We have had strong winds in the Southern Highlands. They started yesterday - during the day. Then we had a short, sharp and violent thunderstorm last night. And this morning even more winds. Strong violent winds.
I took some photos of "wind" at home this morning. Firstly, just below the house, the Blackwood Wattles were swirling around. With their pale yellow-green straight leaves (phyllodes), they look like a plate of Spinach-flavoured Tagliatelli.

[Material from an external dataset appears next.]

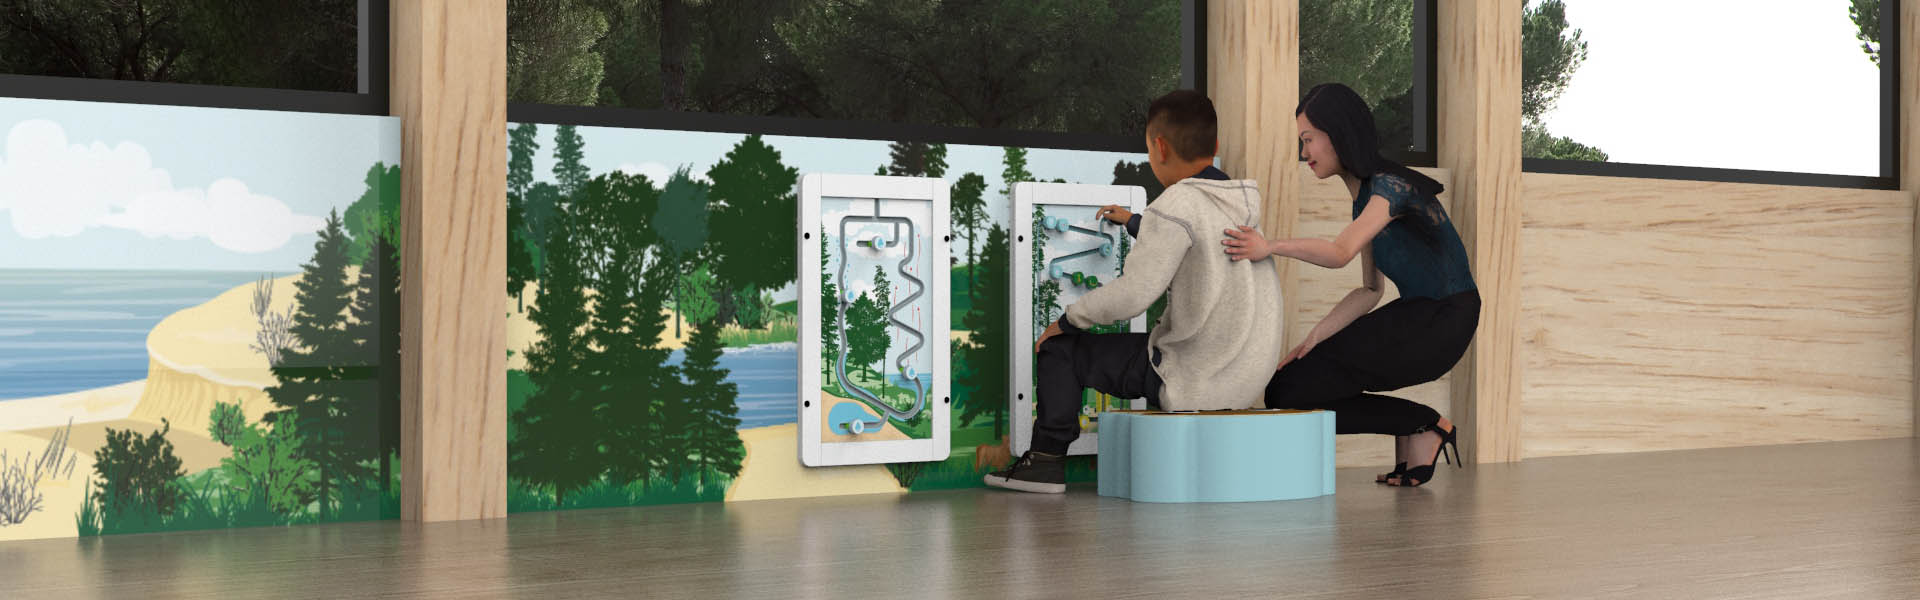 This image shows a boy playing with a educational wall game

Across the road, a row of young Eucalypts (Brown Barrells), being taller, and thinner, were whipping around.I drove to Bowral, and took these photos. Before I got there, a tree had come down, across the Sheepwash Road. Workers were clearing the road, and as there was a traffic hazard, I did not take any photos, for risk of making the hazard worse. However, on the way back I was able to take this photo of the trunk of the large tree, completely snapped in half. It is a smooth-barked Eucalypt, probably one known (appropriately) as "Brittle Gum". It is noteworthy that right beside it is another old tree trunk, also one which snapped in half. That suggests a problem with many of the trees in this location.
In Bowral, I took more photos of wind blowing trees around. This first is a blue-grey Eucalypt, perhaps an "Argyle Apple" (Eucalyptus cinerea). Its thin branches were whipping and swirling to make this picture.
In East Bowral, there was a Council Worker cutting a tree which had clearly fallen from Council lands, across a fence, and had damaged the roof of the house. As there had been some temporary repairs to the roof (black plastic sheeting nicely weighted with sandbags and lashed down) I assume this was an SES repair conducted after the violent thunderstorm last night.
Here is the tree trunk, snapped in half. Clearly it is growing outside the fence, which has been damaged. The tree is obviously diseased, almost certainly damaged by termites. Oh dear, another bill for Council?On the drive back to Robertson, I took photos of snapped and broken trees. This one is a medium-sized Cootamundra Wattle (Acacia baileyana), simply snapped off at mid-trunk level.
Back at Sheepwash Road, there was a second tree across the road. At first I thought that the workers had left the first tree halfway across the road. Surely not! Perhaps it was a safety issue, that there was a risk of further branches coming down. No. In fact, I was able to check and the first tree had been cleaned up very nicely indeed by the emergency workers. However, a second tree had snapped off a large branch, about 200 yards further down the road form the first tree.This wider shot shows both the trunk of the first tree (high on the right) and the second tree across the road, in the distance.And this mature Gum Tree in the middle of a paddock simply fell over - snapped at the roots.
All in all, it has been a wild 36 hours in the Southern Highlands.
The Moss Vale weather station records the maximum wind gust as 56 km/h. That of course, is for the 24 hours till 6:00 a.m. this morning, so it covers last night's storm, but not the winds today.